[Battlemesh] FCC Contacts about Wifi Regulations

Jonathan Morton chromatix99 at gmail.com
Fri Aug 5 06:12:05 UTC 2016


> We need to be able to have Mesh Extenders imported into practically any country at short notice, e.g., if we succeed in having the Red Cross/Crescent movement adopt them.  
> 
> Where it gets complicated is if we have the <insert random small pacific, african, european, south american, middle-eastern or other country here> regulator and customs people want a rapid assurance that the devices cannot be operated except on some band (which they might authorise for us at short notice to meet a humanitarian need). 

“Complicated” isn’t the word.  “Fundamentally incompatible requirements” is.

On the one hand, you need to be able to “rapidly reconfigure” your hardware for a different frequency band, at short notice, from generic stock, and without making actual hardware changes.
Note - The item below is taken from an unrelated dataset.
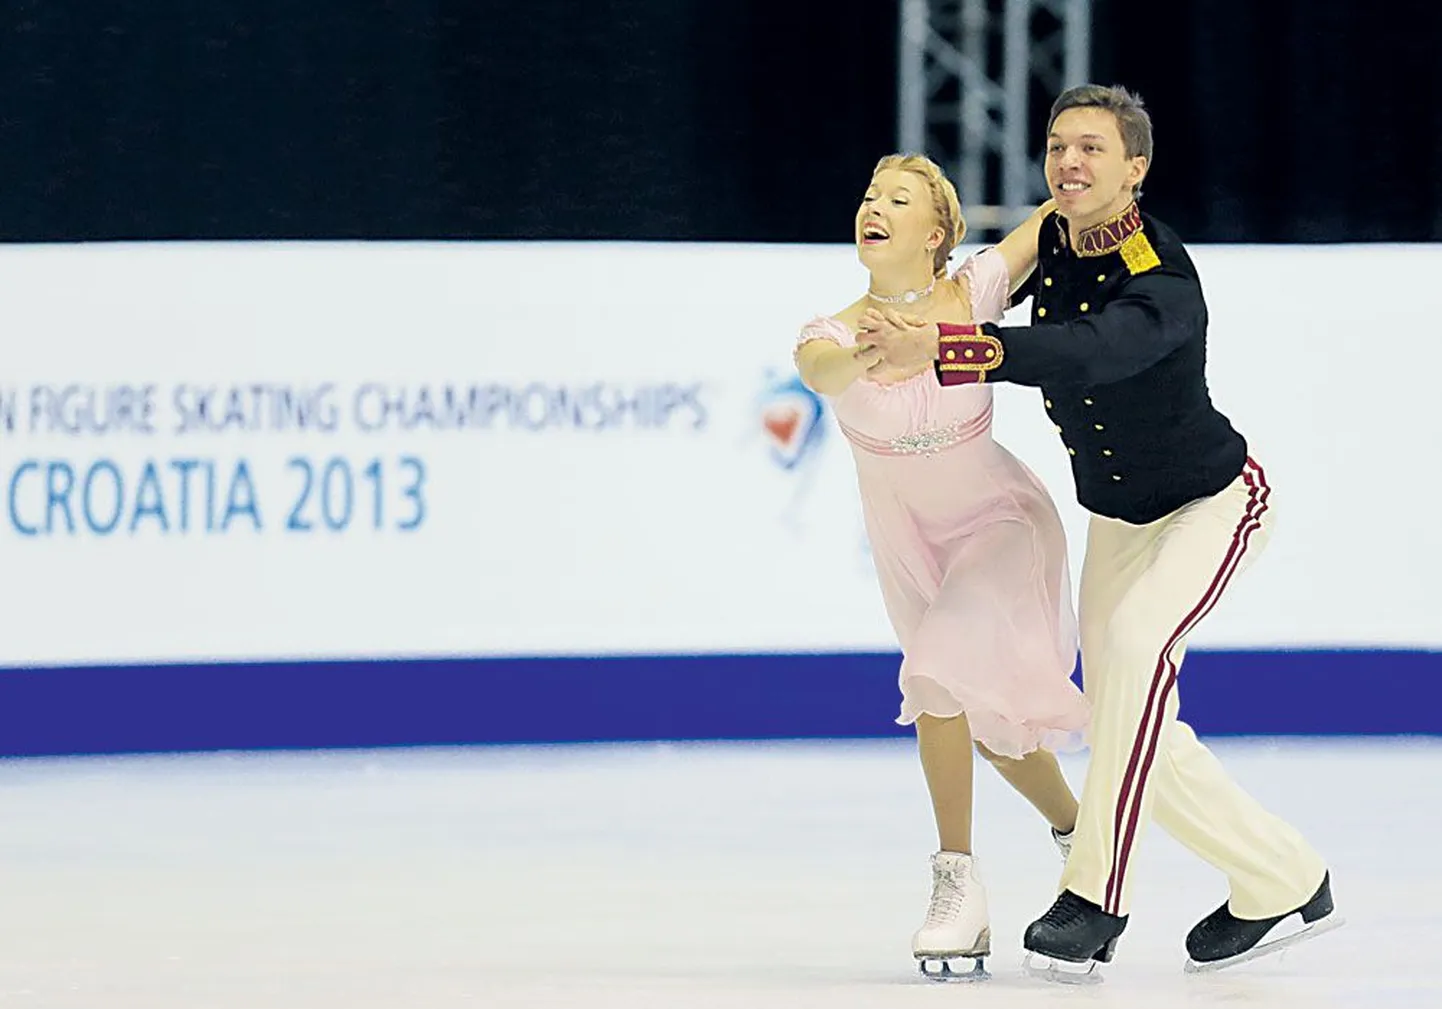 Первое место после коротких танцев занимают серебряные призеры прошлогоднего первенства Екатерина Боброва и Дмитрий Соловьев.

On the other hand, you anticipate needing to be able to show that the preceding action *cannot* be done to these same devices once deployed in the field.

You have a big problem here.  Something has to give.

As a related problem, consumer-grade APs are already easy to physically transport between Europe, America and Asia.  I’ve literally done that myself on occasion while visiting; I have a habit of bringing a reasonably complete computing environment with me wherever I go.

But my European AP is not FCC-compliant, because it is trivially capable of transmitting on frequencies that are not permitted in the USA (eg. 2.4GHz channels 12 & 13).  What’s more, it cannot be made FCC-compliant, even temporarily, because the firmware is locked down so that I can only select from European regulatory domains.  I suspect there’s a jumper somewhere enforcing this.

I think the correct solution is as follows:

1: Allow software-level reconfiguration of the radios.  Make it as easy as possible to select the correct regulatory domain, using geolocation if practical.  Before selling/deploying hardware, set it up correctly for its intended region, or for a failsafe composite region which is compliant in all of the most common domains.

2: Make the end-user liable for the emissions of his hardware, if he has explicitly set an incorrect regulatory domain or made hardware modifications (eg. to increase its power output).  Place a prominent notice, as Juliusz suggested, informing the end-user of this responsibility.

This solves both problems: freedom and flexibility is retained, and the FCC still has a way to enforce the regulations (with boots on the ground).